The Spartans, under their commander Epitadas, attempted to come to grips with the Athenian hoplites and push their enemies back into the sea, but Demosthenes detailed his lightly armed troops, in companies of about 200 men, to occupy high points and harass the enemy with missile fire whenever they approached. When the Spartans rushed at their tormentors, the light troops, unencumbered by heavy hoplite armor, were easily able to run to safety; dust and ash from the recent fire, stirred up by the commotion, further contributed to the Spartans' predicament by obscuring their attackers from their sight. Unable to make any headway, the Spartans withdrew in some confusion to the northern end of the island, where they dug in behind their fortifications and hoped to hold out. A stalemate took hold for some time, with the Athenians trying unsuccessfully to dislodge the Spartans from their strong positions. At this point, Comon, the commander of the Messenian detachment in the Athenian force, asked Demosthenes for troops to lead through the seemingly impassable terrain along the island's shore. His request was granted, and Comon's men reached the Spartan rear through a route that had been left unguarded on account of its roughness. When he emerged with his force, the Spartans, in disbelief, abandoned their defenses; the Athenians seized the approaches to the fort, and the Spartan force stood on the brink of annihilation.

==Surrender and aftermath==
At this point, Cleon and Demosthenes declined to push the attack further, preferring to take as many Spartan prisoners as they could. An Athenian herald offered the Spartans a chance to surrender, and the Spartans, throwing down their shields, agreed at last to negotiate. Cleon and Demosthenes met with the Spartan commander Styphon (Styphon had initially been the third in command, but Epitadas had been killed and his first successor was severely wounded and had been left for dead). Styphon requested to send a herald to the mainland to seek advice; the Athenians refused to allow any of the trapped men to leave, but permitted as many heralds from the mainland as were desired to pass back and forth. Several messengers did so, the last of whom left Styphon with the message "The Spartans order you to make your decision yourselves, so long as you do nothing dishonorable." Styphon and his men, with no hope of victory or escape, surrendered. Of the 440 Laconians who had crossed over to Sphacteria, 292 survived to surrender; of these, 120 were men of the elite Spartiate class.

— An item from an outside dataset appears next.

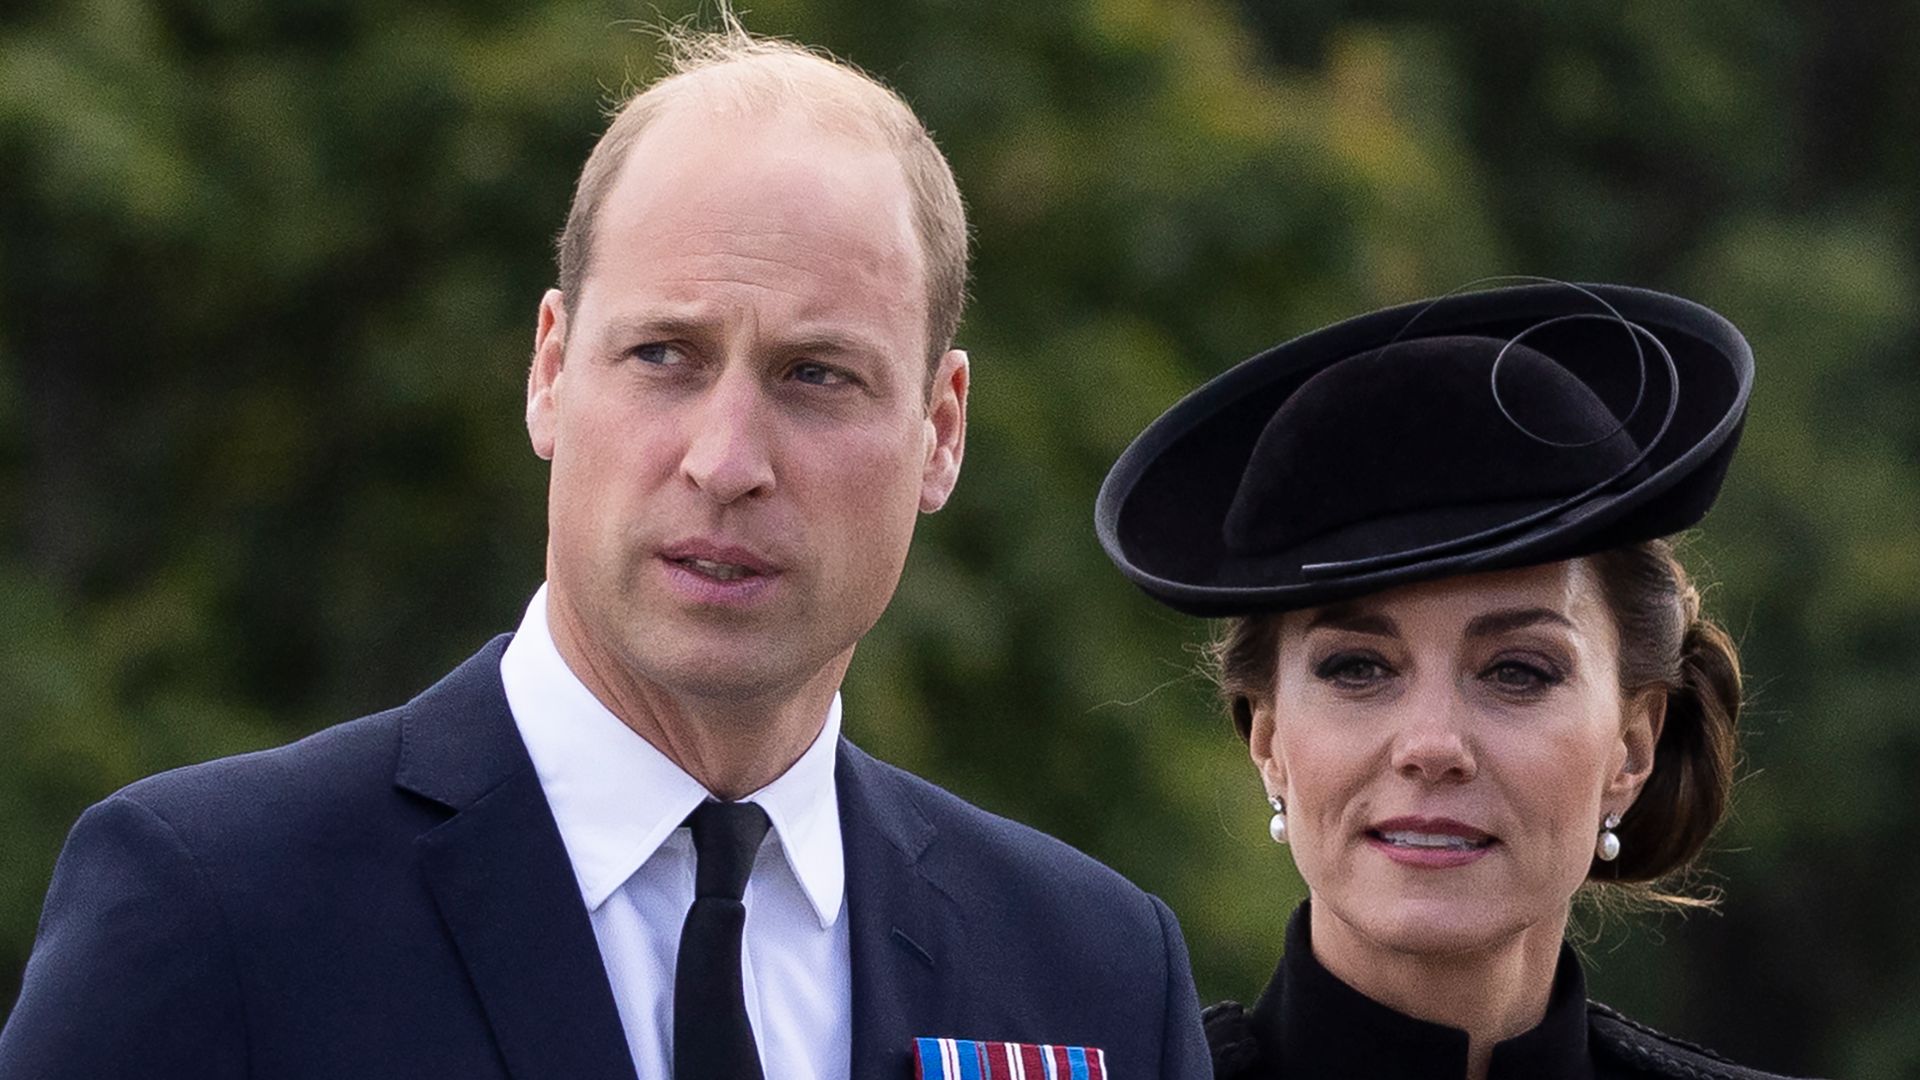 Prince William and Kate Middleton visit Army Training Centre Pirbright

"The outcome," Donald Kagan has observed, "shook the Greek world." Spartans, it had been supposed, would never surrender. Now, with Spartiate hostages in their hands, the Athenians issued an ultimatum; any invasion of Attica would lead to the execution of their prisoners. For the first time since the beginning of the war, the Athenians could farm their crops securely. At Pylos, a Messenian garrison was installed, and these men, launching raids into country that had once been their home, did significant damage to the Spartans and instigated the desertion of numerous Helots. At Athens, Cleon, his seemingly mad promise fulfilled, was the man of the hour; he was granted meals at the state's expense in the prytaneum (the same reward granted to Olympic champions), and most scholars see his hand in the legislation of the following months, the most prominent item of which was an increased levy of tribute on the empire. Sphacteria had changed the nature of the war. The next few years would see a newly aggressive Athens, and it would take a string of Athenian reverses to diffuse the impetus that the surrenders had given and bring the two sides to the table to negotiate the Peace of Nicias in 421 BC.

Thucydides says it was only with victory at the battle of Mantinea in 418 BC that Sparta "did away with all the reproaches that had been levelled against them by the Hellenes, whether for cowardice, because of the disaster on the island, or for incompetence and lack of resolution on other occasions."